Il venditore ammette a denti stretti che non ne ricorda alcuno, pur affermando che “la vita è una cosa bella” e che vorrebbe tornare a viverla, ma non vorrebbe viverla come prima. Chiede il passeggere “con tutti i piaceri e i dispiaceri … passati ?”. Risponde il venditore: “Cotesto non vorrei”. Quindi l’argomento è quello del piacere, un tema classico della riflessione di Leopardi. Il venditore vorrebbe “una vita così, come Dio la mandasse, senz’altri patti”. La conclusione stringente del passeggere è la seguente: “se a patto di riavere la vita di prima, con tutto il suo bene e tutto il suo male, nessuno vorrebbe rinascere. Quella vita ch’è una cosa bella, non è la vita che si conosce, ma quella che non si conosce; non la vita passata, ma la futura”. “Speriamo” è l’incerta conclusione dell’ingenuo venditore. La stessa conclusione Leopardi aveva tratto alcuni anni prima nello “Zibaldone” (1 luglio 1827).

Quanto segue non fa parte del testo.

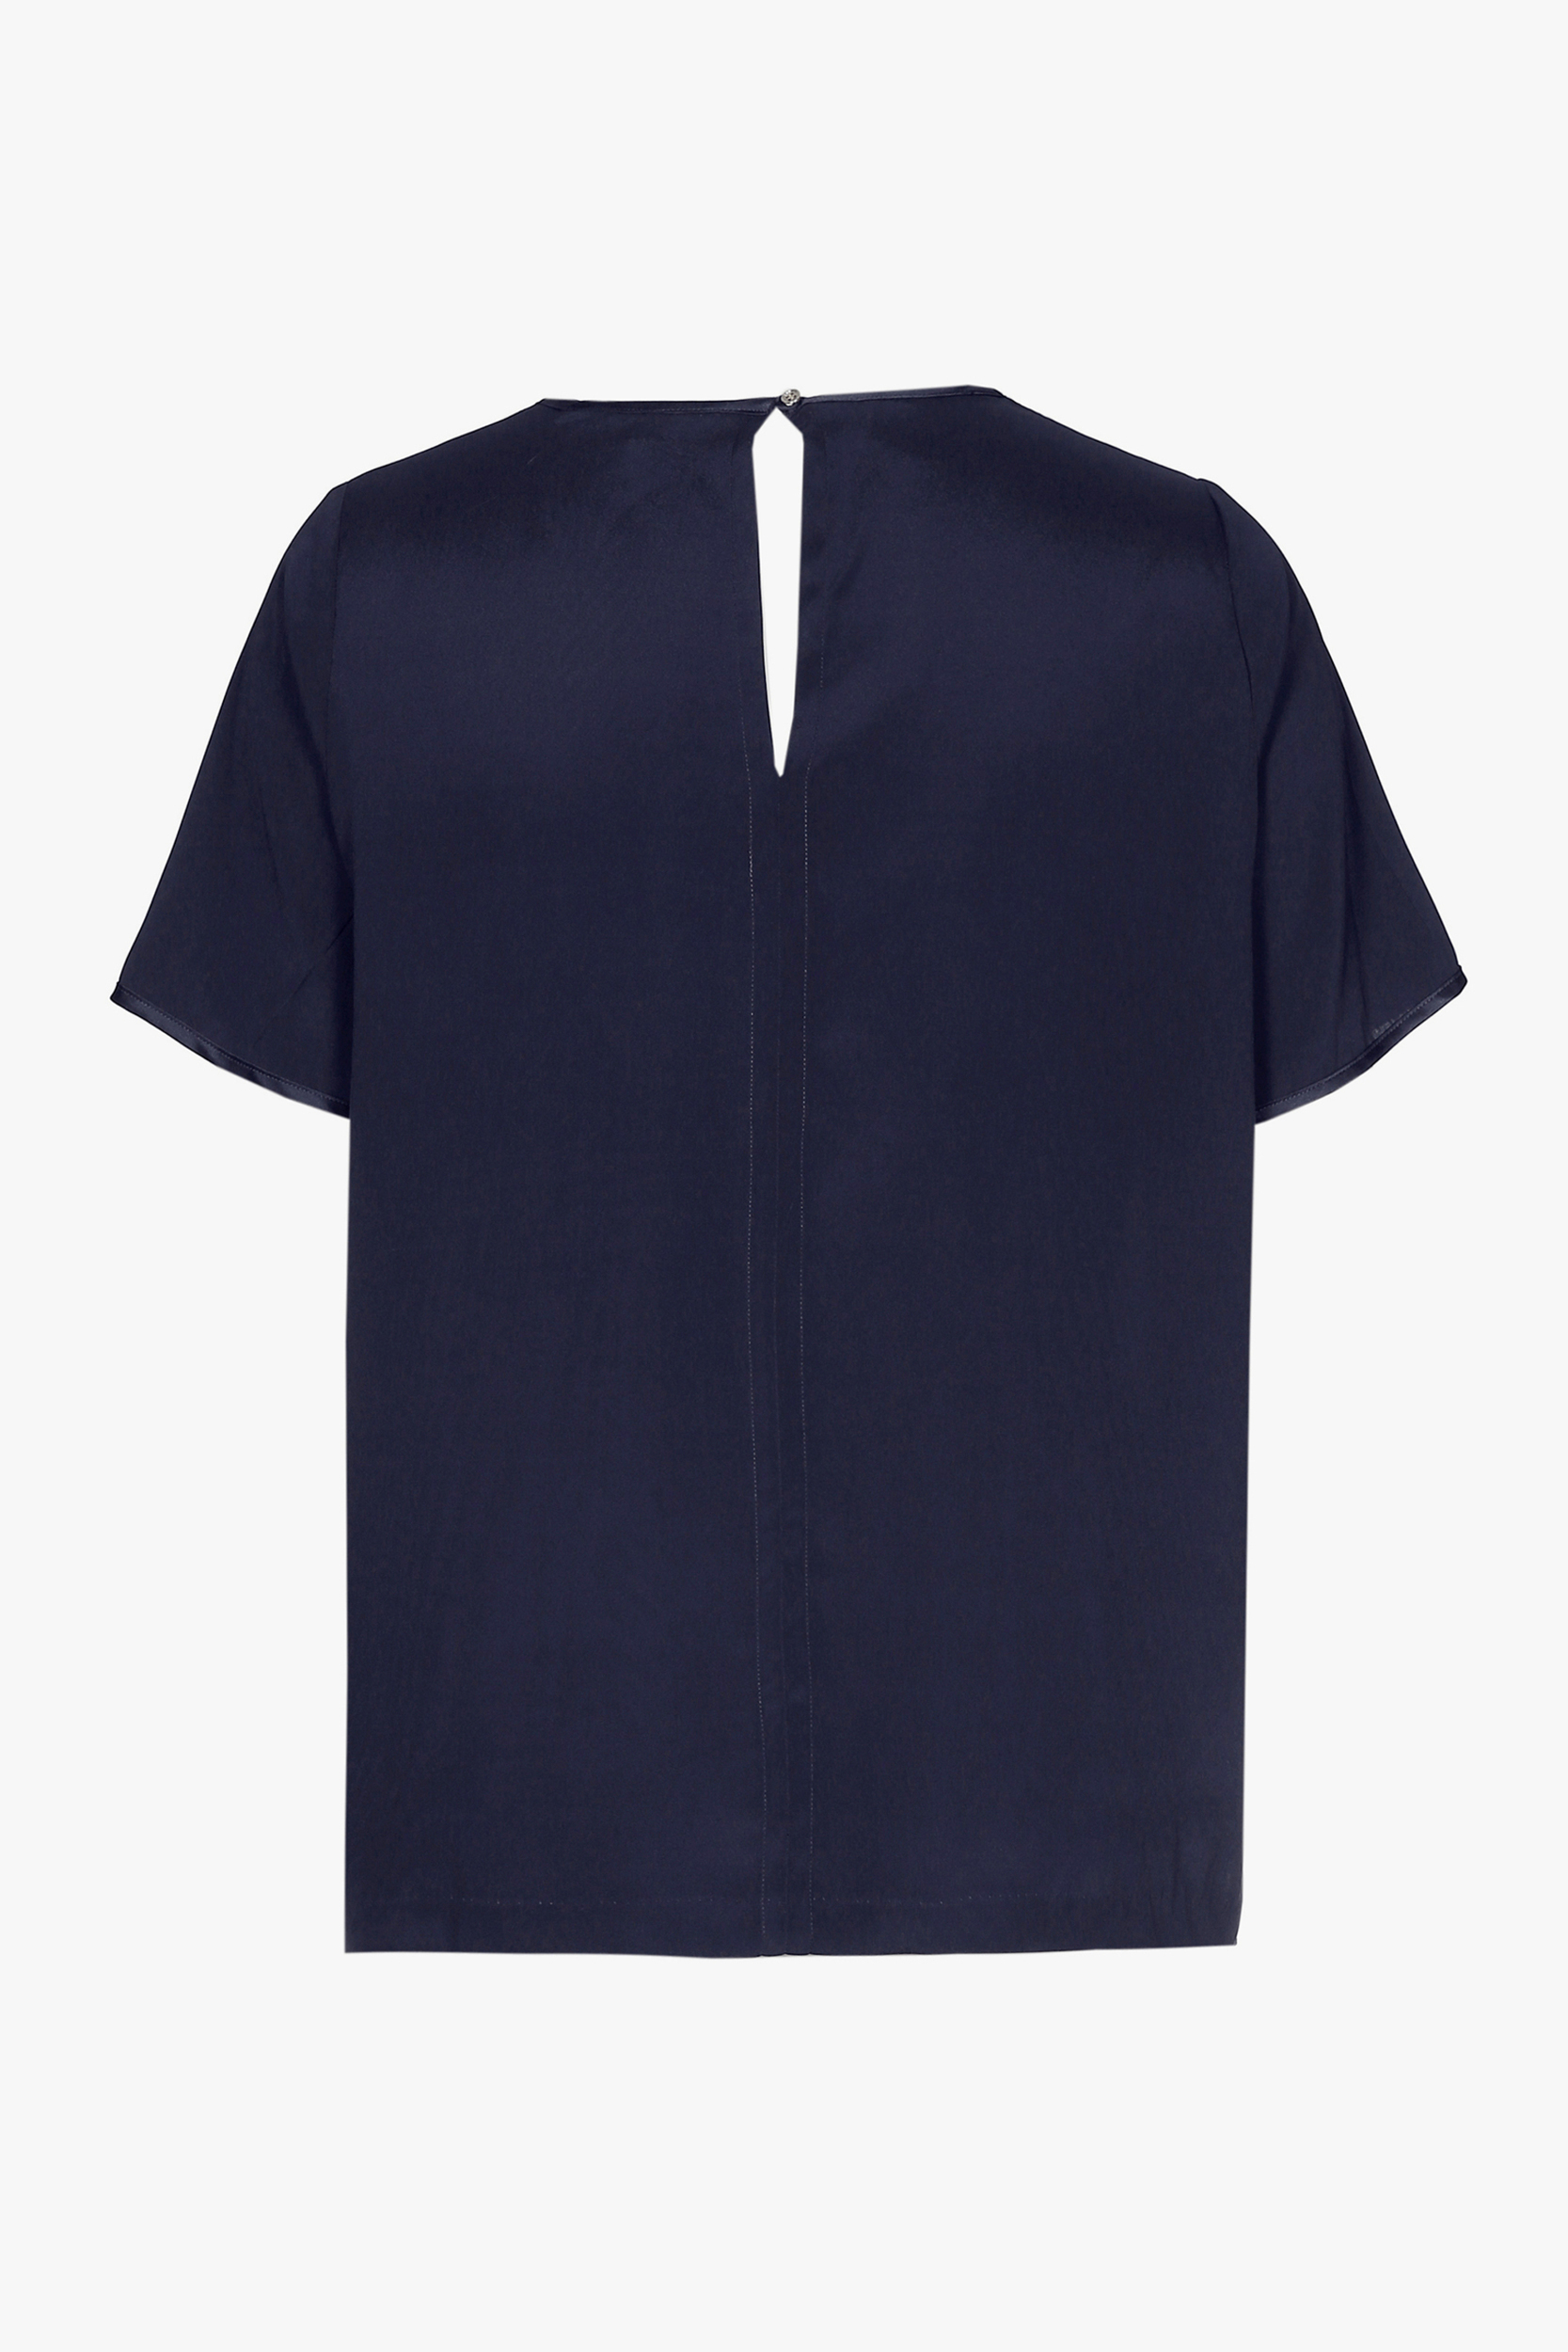 T-shirt en soie bleu marine à manches courtes et col en V

La felicità non è legata a qualcosa di reale che stiamo vivendo o abbiamo già vissuto, ma solo all’attesa, alla speranza di ciò che ci immaginiamo e ci illudiamo possa accadere: “Nella vita che abbiamo sperimentata e che conosciamo con certezza, tutti abbiamo provato più male che bene; e se noi ci contentiamo ed anche desideriamo di vivere ancora, ciò non è che per l’ignoranza del futuro, e per una illusione della speranza, senza la quale illusione o ignoranza non vorremmo più vivere, come noi non vorremmo rivivere nel modo che siamo vissuti”. Questo per Leopardi è il piacere più solido, quello vano delle illusioni. Secondo la storia delle letteratura di Luperini: “ Manca al disincanto del passante ogni punta polemica o sarcastica; la sua critica dell’ottimismo è umanamente commossa, malinconica e non risentita” (“La scrittura e l’interpretazione”, edizione rossa, parte 2, tomo III, p. 465). Siamo nel clima de “La ginestra” (1836), nel calore pur pessimista della “social catena”, della solidarietà sociale.
L’editore pisano nel risvolto di copertina ha pubblicato il giudizio di Nietzsche: “Quando il gentile passeggere, di sicuro un aristocratico, dice al venditore di almanacchi, un uomo altrettanto gentile ma popolano, che con l’anno nuovo incomincerà per tutti la “vita felice”, Leopardi non pensa né alla vita mistica né alla vita ascetica, e neppure a Lucrezio. Il suo pessimismo, che io ho sempre accostato a quello di Schopenhauer e De Vigny, si apre inaspettatamente alla speranza”. A mio avviso questo giudizio è poco calzante: per Leopardi la speranza rimane fino in fondo un’illusione – come abbiamo visto –, la possibilità concreta dal punto di vista materialistico è la solidarietà sociale.
Non vi è dubbio che il taglio razionale del “Dialogo” è tipico di una costruzione allegorica, in cui i due interlocutori incarnano due opzioni filosofiche, l’ottimismo ingenuo e il pessimismo materialista. Non vi è traccia del ritorno del rimosso? Sicuramente non di quello erotico, a meno di non volerlo tirare per i capelli per la reciproca simpatia degli interlocutori, ma vi è un emergere di quello sociale, anche se non nella versione ostile di cui parla Orlando sulla scorta di Freud.
Dunque a tutti i lettori di “Pergamena” buon anno all’insegna della solidarietà sociale.